Den Beauftragten zur Aufarbeitung der Brasilien-„Sache“ hat VW übrigens zeitig wieder abgesetzt.
Die wenigsten großen Konzerne handeln meines Erachtens nach moralischen Prinzipien. Schlimm genug.
Envision meint
Das Nnennt man „Whataboutism“ – mache sagen auch die Diskussion der geistig Schwachen,
Jeff Healey meint
Ja Envision, wer im Glashaus sitzt, sollte halt auch mal überlegen ob man den Stein werfen sollte.

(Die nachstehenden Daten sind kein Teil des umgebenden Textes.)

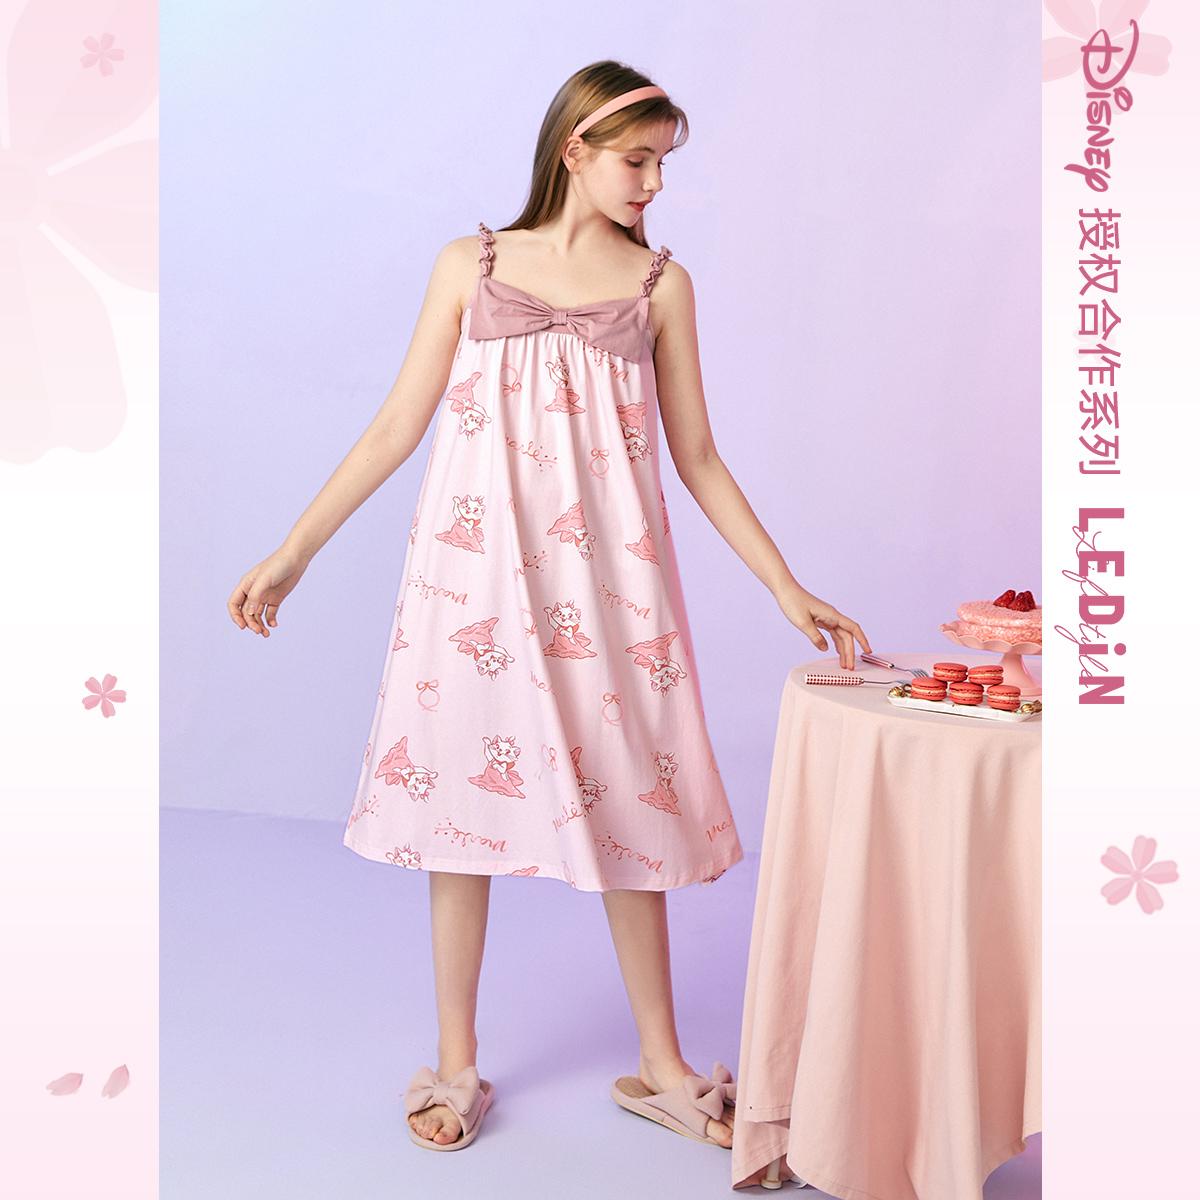 LEDIN 乐町 CLFAB2208 玛丽猫联名 女士吊带睡衣裙
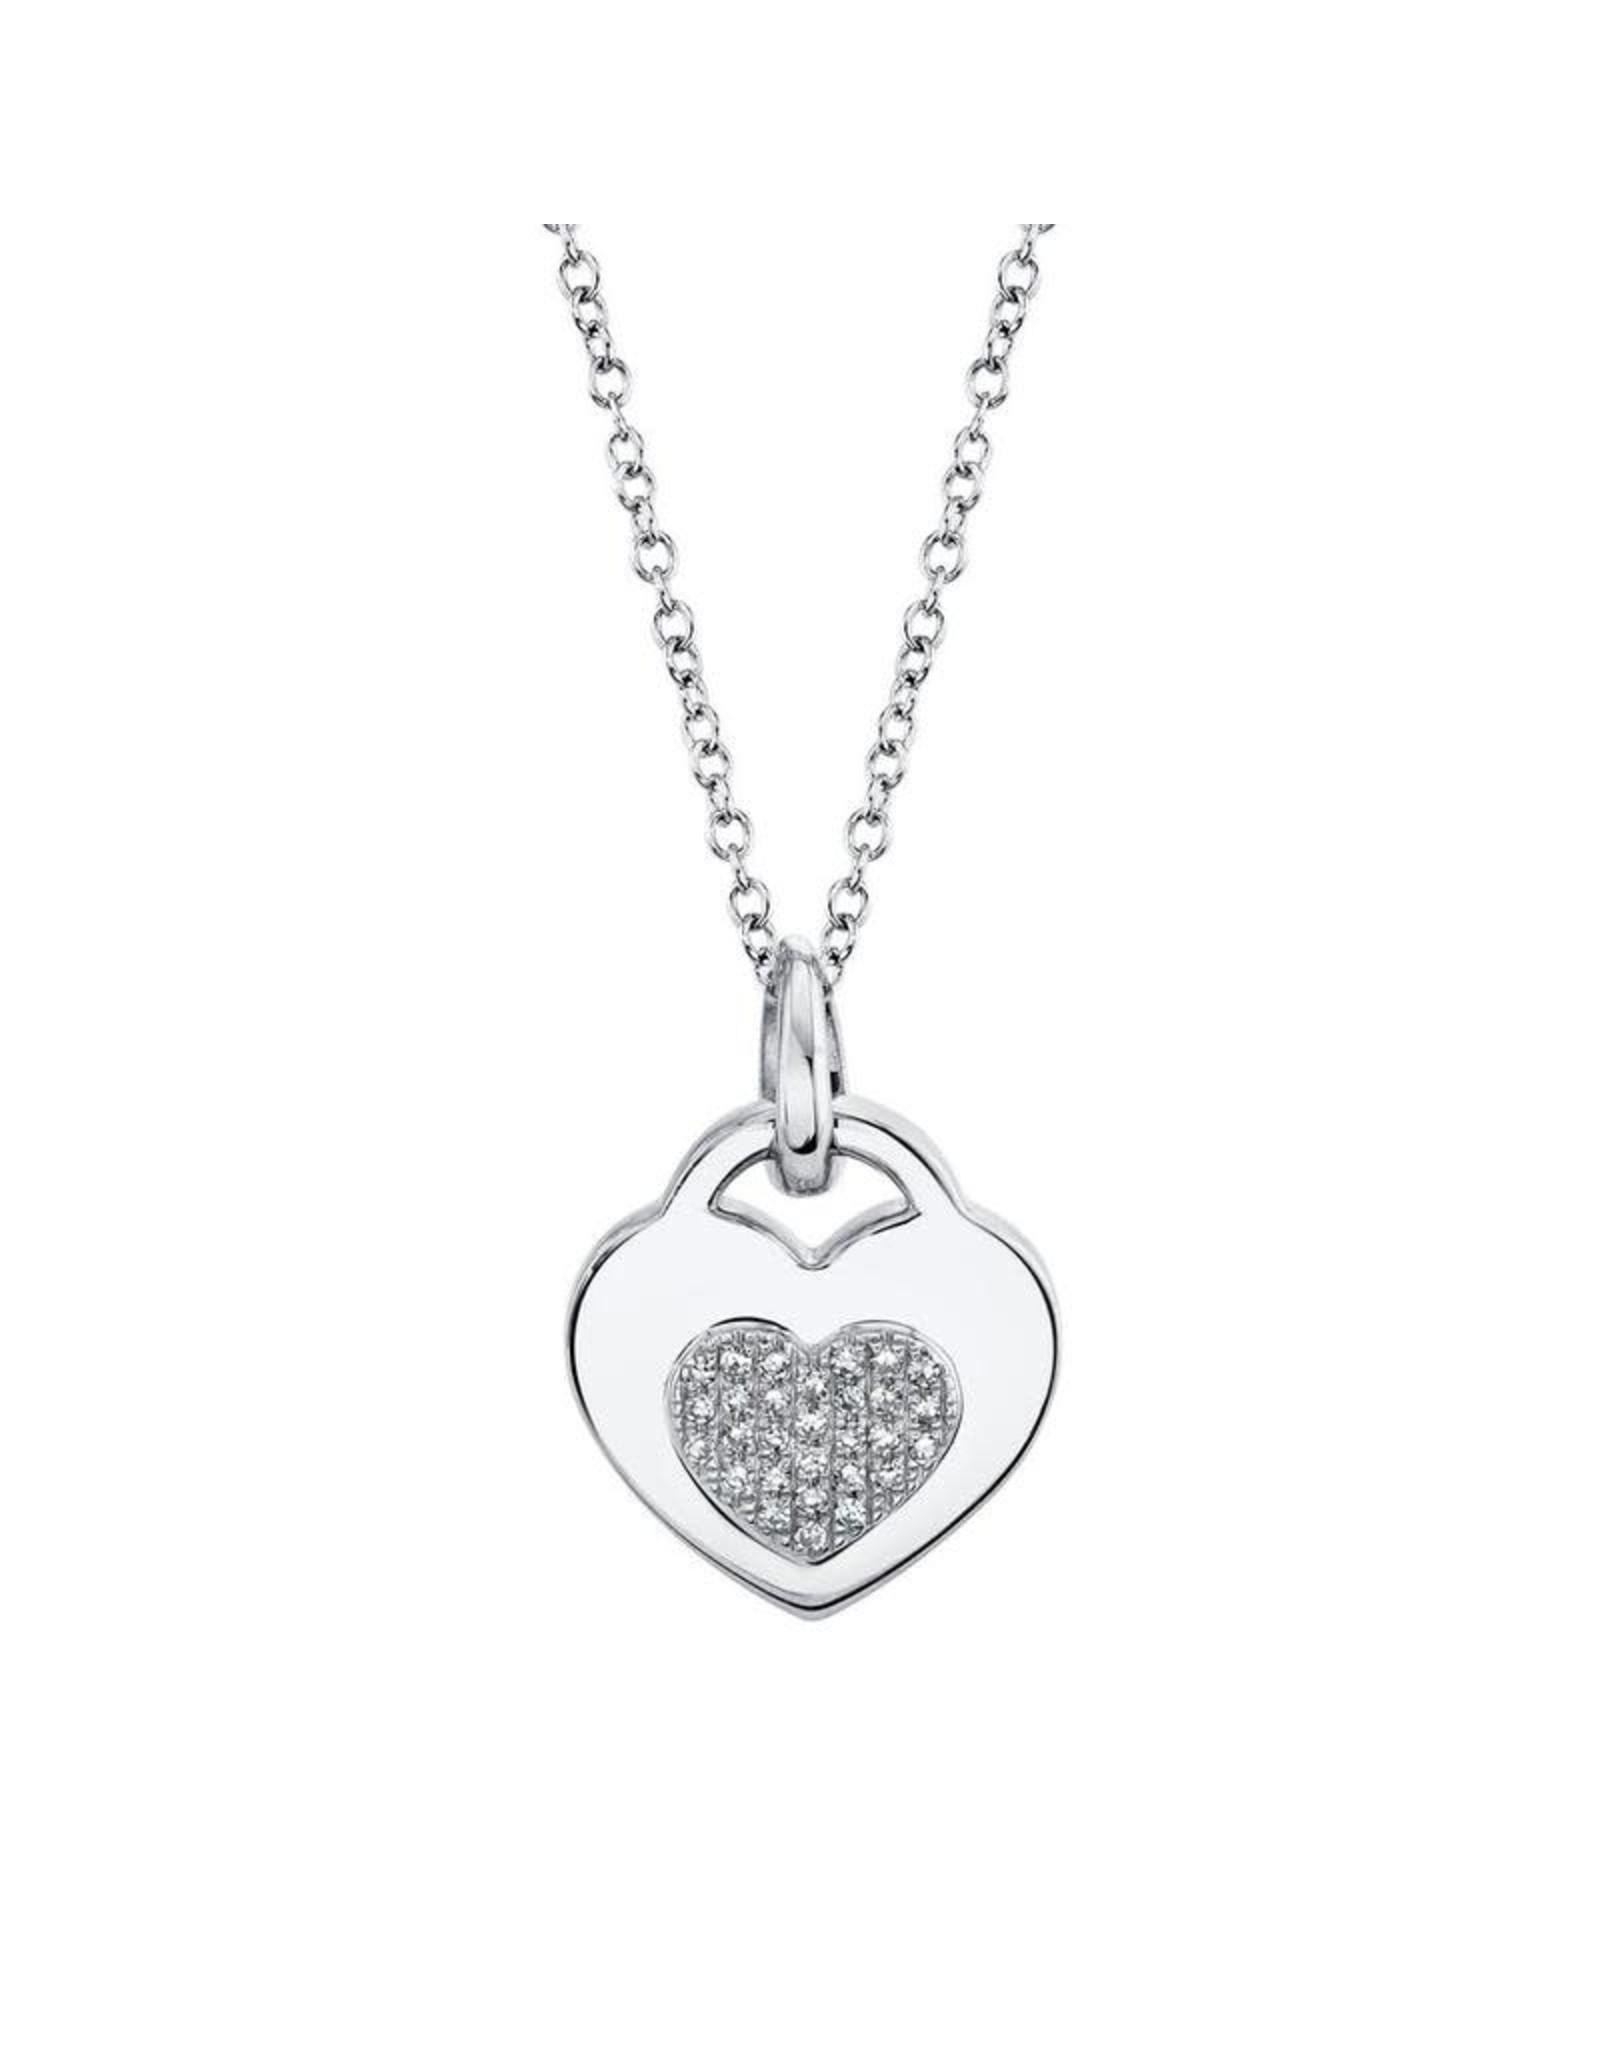 14K White Gold Diamond Heart Locket Necklace, D: 0.06ct

Ein Beitrag in der Art „typisch Ami“ kann schnell zum Bumerang werden.
Axel Schweiß meint
Aha, aber was hat das mit Tesla zu tun?
Frank von Thun meint
Axel Schweiß meint „Aha, aber was hat das mit Tesla zu tun?“
Musk ist böse, die anderen sind nur gestolperte Engel ;-)
Haubentaucher meint
Ich ergänze gerne:
https://www.spiegel.de/wirtschaft/vw-affaere-sexpartys-und-vergnuegungsreisen-a-460261.html
M. meint
Ja, unzumutbar.
Aber gerne noch was nachreichen, das keine 18 Jahre alt ist.
ZastaCrocket meint
Ah ja. Und weil die das verschwiegen haben sollte man am besten auch nichts Negatives über die Zustände in der Fabrik in Brandenburg schreiben, richtig? Oder seine Meinung dazu äußern? Ich für meine Person lebe in Deutschland und interessiere mich in erster Linie für die Einhaltung von Standards in diesem Land. Die chinesische oder brasilianische Regierung darf den dort tätigen Konzernen gerne einen Riegel vorschieben, wenn sie sich nicht rechtskonform verhalten. Ich habe auch kein Problem damit, wenn die dort lebende Bevölkerung das Vorgehen dieser Firmen verurteilt oder die Produkte beukottiert.
Jeff Healey meint
Ich habe nichts gegen die Einhaltung unserer Rechte und Gesetze gesagt.
Ich mag auch Hu.ms Beiträge in der Regel.
Seine Pauschalisierung „typisch Ami“ fand ich jedoch deplatziert und unglücklich. Ich wollte daher darauf hinweisen, dass die Allgemeinheit bei einigen einheimische Unternehmen in der Vergangenheit eher mal ein oder zwei Augen zugedrückt hat, und man sich mit pauschalisierenden Aussagen zurückhalten sollte (Glashaus/Stein).
Tinto meint
Der nächste kommt dann mit Nordkorea um die Ecke als Rechtfertigung für die schlimmen Arbeitsbedingungen in Grünheide.